KU anthropology instructor reprises role as cancer patient

When Sandra Gray was asked to play the lead in “Wit” for Lawrence Community Theatre, she hesitated.

She had played scholar-turned-cancer patient Vivian Bearing a year ago in a Topeka production, and she wasn’t sure if she wanted to crawl back into the character’s skin.

“It’s scary because she’s an academic and a single woman,” said Gray, an anthropology instructor at Kansas University. “It’s a raw look at the certain kinds of decisions she made, as she confronts her death. I was not sure I wanted to be in that world again.”

The Pulitzer Prize-winning play, directed by Penny Weiner, revolves around Bearing, a renowned scholar and English professor, whose special area of study is the 17th-century metaphysical poet John Donne. Her studies have been aggressively rational and probing  until she is diagnosed with terminal ovarian cancer.

Bearing becomes part of an experimental chemotherapy program at a teaching hospital and begins reassessing her life.

“She achieves a state of grace,” Gray said, describing her character’s transformation during the course of the play. “There’s something that sets you apart when you have something like (cancer). Something forces you to a state of grace and that’s how you survive.”

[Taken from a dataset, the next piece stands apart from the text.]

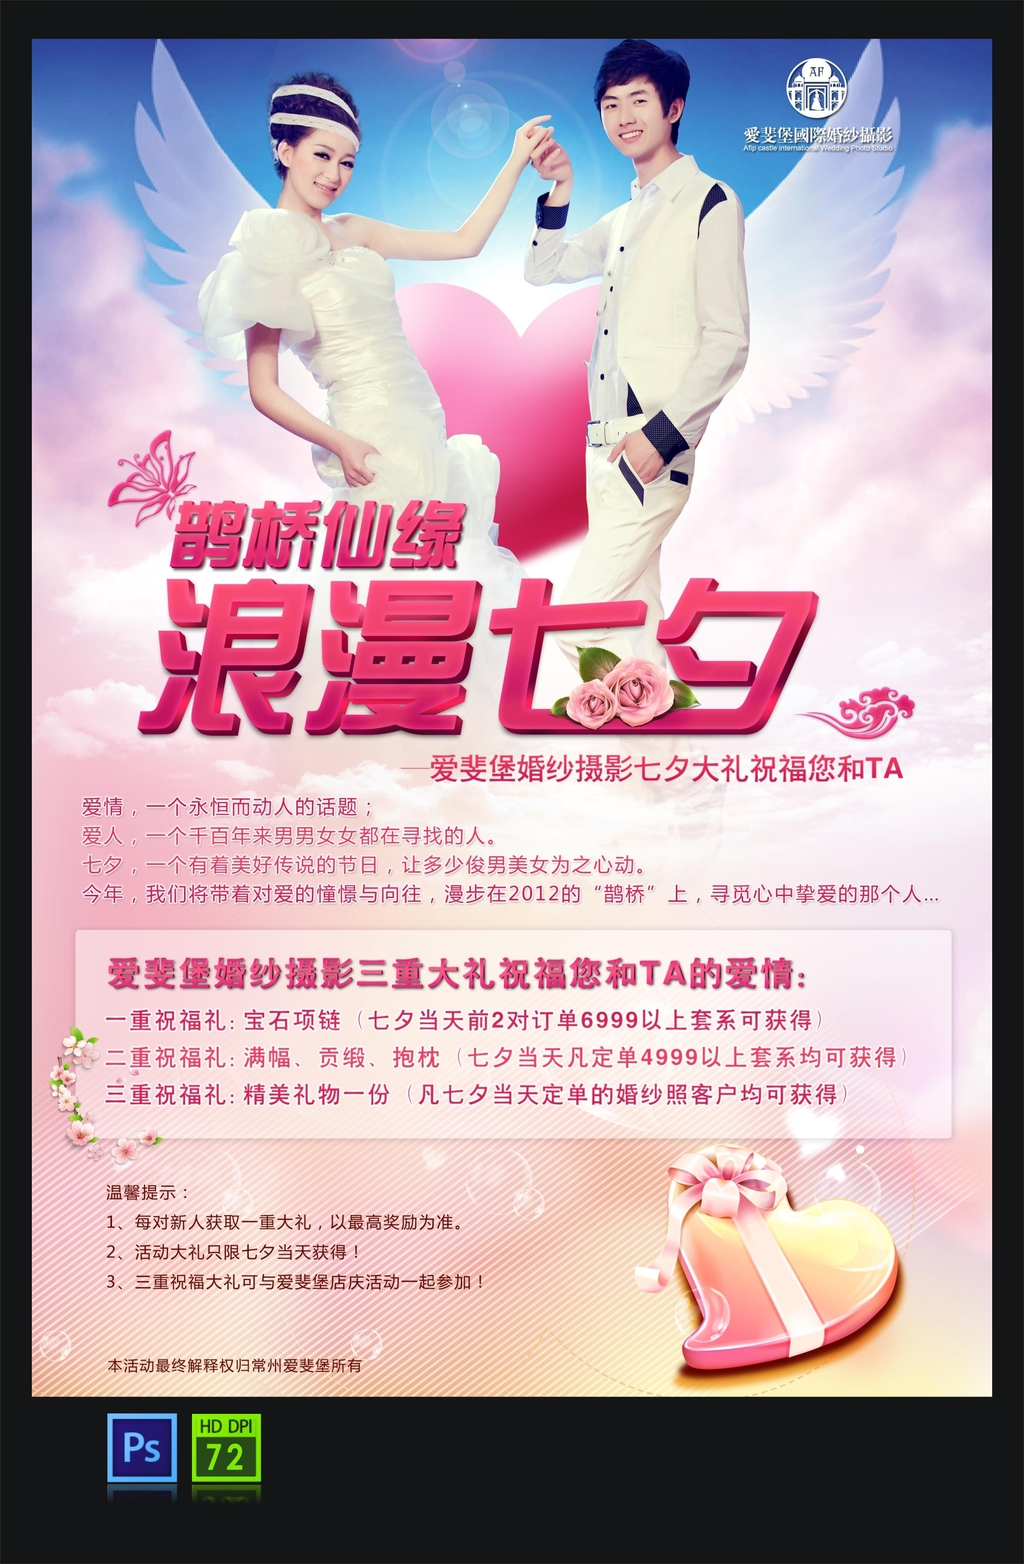 七夕情人节促销婚纱影楼海报模板下载

Gray, who worked as a professional actress for 15 years before getting her anthropology degree, said she was initially drawn to the play because of its clever language and use of Donne’s poetry. A sonnet referred to in the play poses a question: How much difference is there between life and death?

“Maybe split seconds,” Gray explained. “We need to recognize death as a part of life. The act of dying is just a comma (between what happens before and what happens after). We need to move past the comma.”

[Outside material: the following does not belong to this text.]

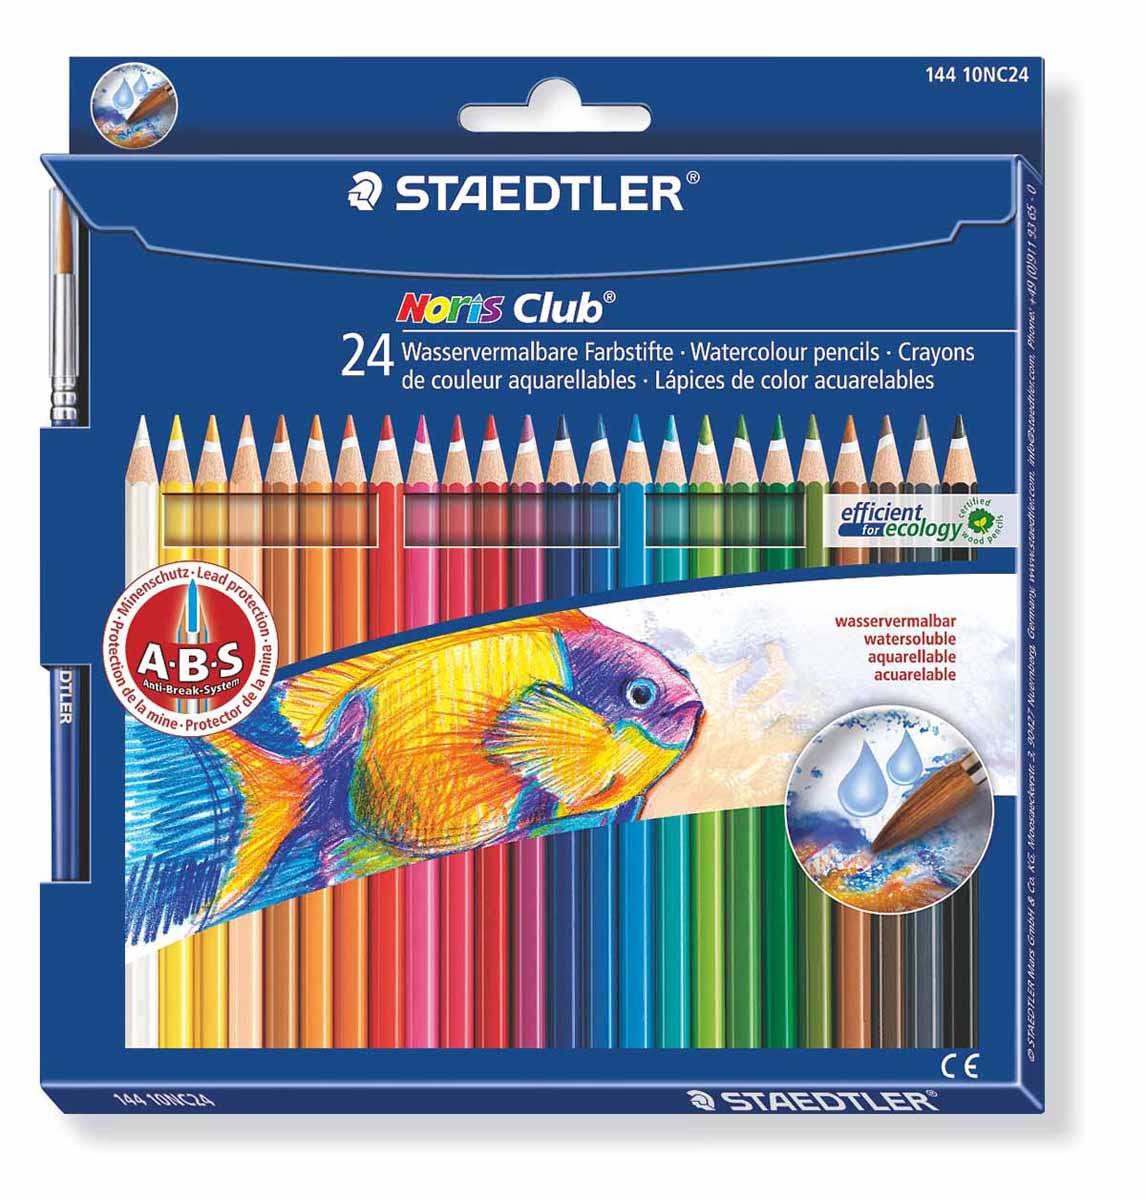 Staedtler Набор акварельных карандашей Noris Club с кисточкой 24 цвета72523WDНабор цветных карандашей шестигранной формы с акварельным грифелем Noris Club 24 шт + кисть, Staedtler. Содержит 24 цвета в ассортименте. Широкий выбор возможностей для рисования - также водой и кистью.

Gray will shave her head for the Lawrence production, just as she did for the Topeka show. She will look like a woman undergoing cancer treatment, and she will most likely be treated like one  some people will avoid her; others who have experienced cancer will want to offer their support.

“As an anthropology professor, I find it interesting. The character is so naked, literally and figuratively, that (a shaven head) seems like such a trivial thing to me,” she said. “But people automatically assume I have cancer. Â People in America are afraid of aging and illness, so if it reminds them of their own mortality they will ignore you.”

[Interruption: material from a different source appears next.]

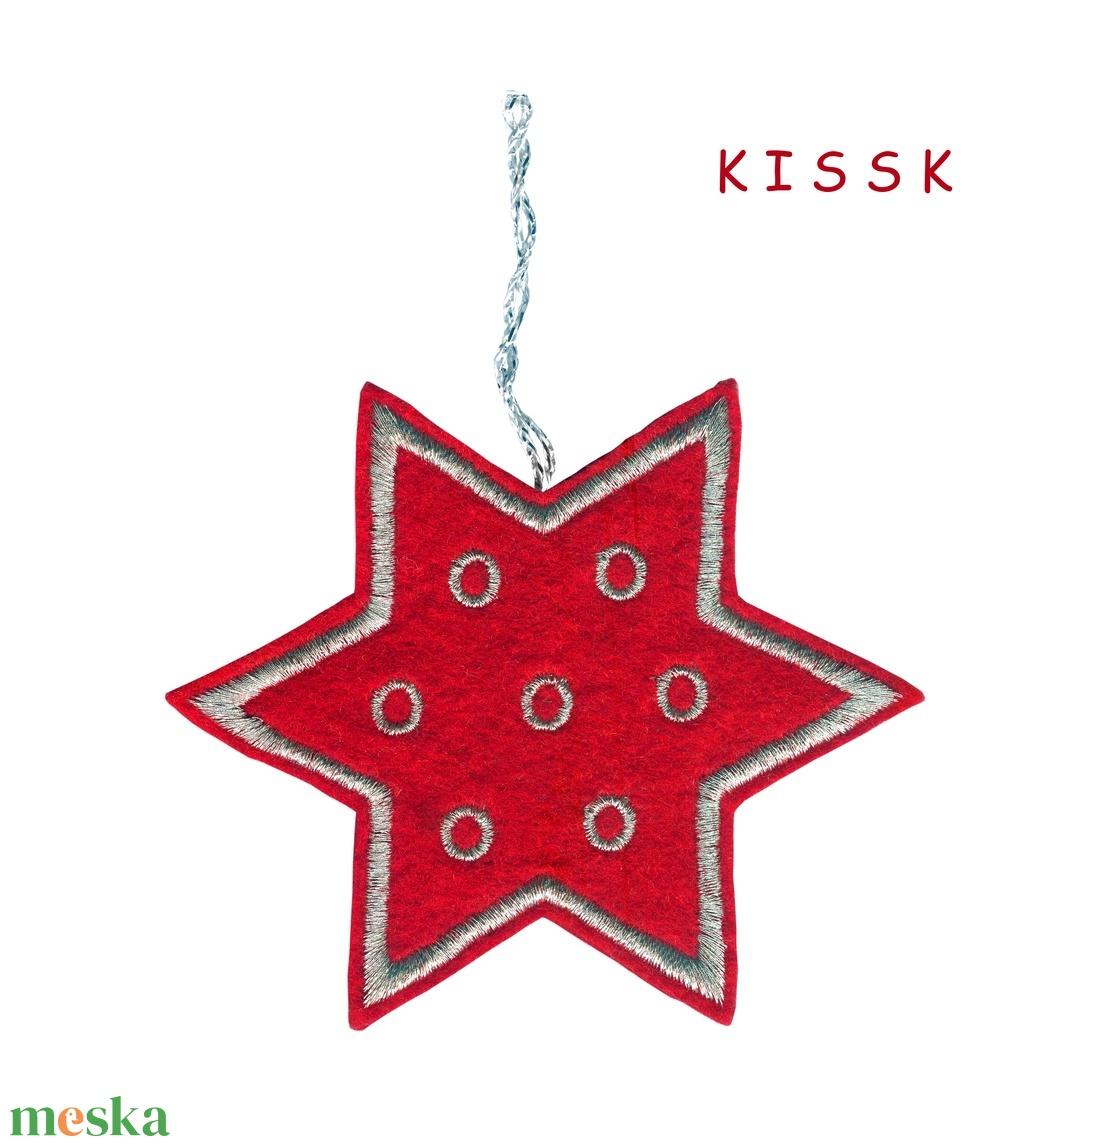 Piros - ezüst csillag karácsonyfa dísz (KISSK) - Meska.hu

Because the play addresses death and dying, two talkback sessions have been arranged by the Lawrence Caring Community Council and its chairman Emily Taylor, former dean of women at KU. A March 3 session will feature Shari Kretzchmer, an oncology nurse; Nadereh Nasseri, patient care coordinator at Hospice Care of Douglas County; Gene Meyer, president and chief executive officer of Lawrence Memorial Hospital; and Ann Gardner, moderator.

A March 11 session will feature Dr. Patty Tenofsky, a surgeon; Dr. Richard Sosinski, a hospice physician; Bonnie Peterson, senior vice president/chief operating officer of Lawrence Memorial Hospital; and Dr. Phillip Godwin, moderator.

In addition, a photography exhibit titled “Hats for a Woman in Need of a Hat” will be shown throughout the play’s run in the theater’s Gladys Six Green Room. The exhibit is a series of photographs of Laura Dalrymple, an art teacher at Allen County Community College in Iola, wearing hats designed and constructed by her students after she was diagnosed with ovarian cancer.

The photographs were taken by Dalrymple’s longtime partner, James Harris. The hats range in style from romantic to whimsical.